Aim of the task: Each entry needs to be copied exactly, with nothing left out.

Data supplied:
○ ○ ○ ○ ○

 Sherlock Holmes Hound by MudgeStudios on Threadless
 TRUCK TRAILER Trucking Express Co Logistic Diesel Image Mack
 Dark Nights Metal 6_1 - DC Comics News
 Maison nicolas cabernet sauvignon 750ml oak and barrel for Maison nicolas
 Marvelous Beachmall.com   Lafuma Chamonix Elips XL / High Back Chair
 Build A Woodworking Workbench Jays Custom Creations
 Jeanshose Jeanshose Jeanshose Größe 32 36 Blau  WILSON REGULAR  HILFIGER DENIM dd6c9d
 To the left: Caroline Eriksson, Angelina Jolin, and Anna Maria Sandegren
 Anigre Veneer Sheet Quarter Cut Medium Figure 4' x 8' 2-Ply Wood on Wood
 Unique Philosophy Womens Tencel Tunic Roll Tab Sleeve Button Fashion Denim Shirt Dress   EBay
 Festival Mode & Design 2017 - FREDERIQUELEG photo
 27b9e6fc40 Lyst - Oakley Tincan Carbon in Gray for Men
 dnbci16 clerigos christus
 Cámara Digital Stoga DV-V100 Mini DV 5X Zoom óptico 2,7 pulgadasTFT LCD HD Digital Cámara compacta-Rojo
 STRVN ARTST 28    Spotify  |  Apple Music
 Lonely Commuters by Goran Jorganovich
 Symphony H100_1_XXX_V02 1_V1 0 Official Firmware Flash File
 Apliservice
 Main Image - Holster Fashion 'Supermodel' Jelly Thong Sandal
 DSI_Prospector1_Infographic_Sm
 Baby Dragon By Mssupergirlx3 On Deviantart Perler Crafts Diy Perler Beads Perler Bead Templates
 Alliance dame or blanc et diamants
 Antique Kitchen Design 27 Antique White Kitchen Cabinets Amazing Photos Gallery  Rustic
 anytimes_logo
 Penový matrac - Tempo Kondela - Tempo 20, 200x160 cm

○ ○ ○ ○ ○

Answer for the task:
 Sherlock Holmes Hound by MudgeStudios on Threadless
 TRUCK TRAILER Trucking Express Co Logistic Diesel Image Mack
 Dark Nights Metal 6_1 - DC Comics News
 Maison nicolas cabernet sauvignon 750ml oak and barrel for Maison nicolas
 Marvelous Beachmall.com   Lafuma Chamonix Elips XL / High Back Chair
 Build A Woodworking Workbench Jays Custom Creations
 Jeanshose Jeanshose Jeanshose Größe 32 36 Blau  WILSON REGULAR  HILFIGER DENIM dd6c9d
 To the left: Caroline Eriksson, Angelina Jolin, and Anna Maria Sandegren
 Anigre Veneer Sheet Quarter Cut Medium Figure 4' x 8' 2-Ply Wood on Wood
 Unique Philosophy Womens Tencel Tunic Roll Tab Sleeve Button Fashion Denim Shirt Dress   EBay
 Festival Mode & Design 2017 - FREDERIQUELEG photo
 27b9e6fc40 Lyst - Oakley Tincan Carbon in Gray for Men
 dnbci16 clerigos christus
 Cámara Digital Stoga DV-V100 Mini DV 5X Zoom óptico 2,7 pulgadasTFT LCD HD Digital Cámara compacta-Rojo
 STRVN ARTST 28    Spotify  |  Apple Music
 Lonely Commuters by Goran Jorganovich
 Symphony H100_1_XXX_V02 1_V1 0 Official Firmware Flash File
 Apliservice
 Main Image - Holster Fashion 'Supermodel' Jelly Thong Sandal
 DSI_Prospector1_Infographic_Sm
 Baby Dragon By Mssupergirlx3 On Deviantart Perler Crafts Diy Perler Beads Perler Bead Templates
 Alliance dame or blanc et diamants
 Antique Kitchen Design 27 Antique White Kitchen Cabinets Amazing Photos Gallery  Rustic
 anytimes_logo
 Penový matrac - Tempo Kondela - Tempo 20, 200x160 cm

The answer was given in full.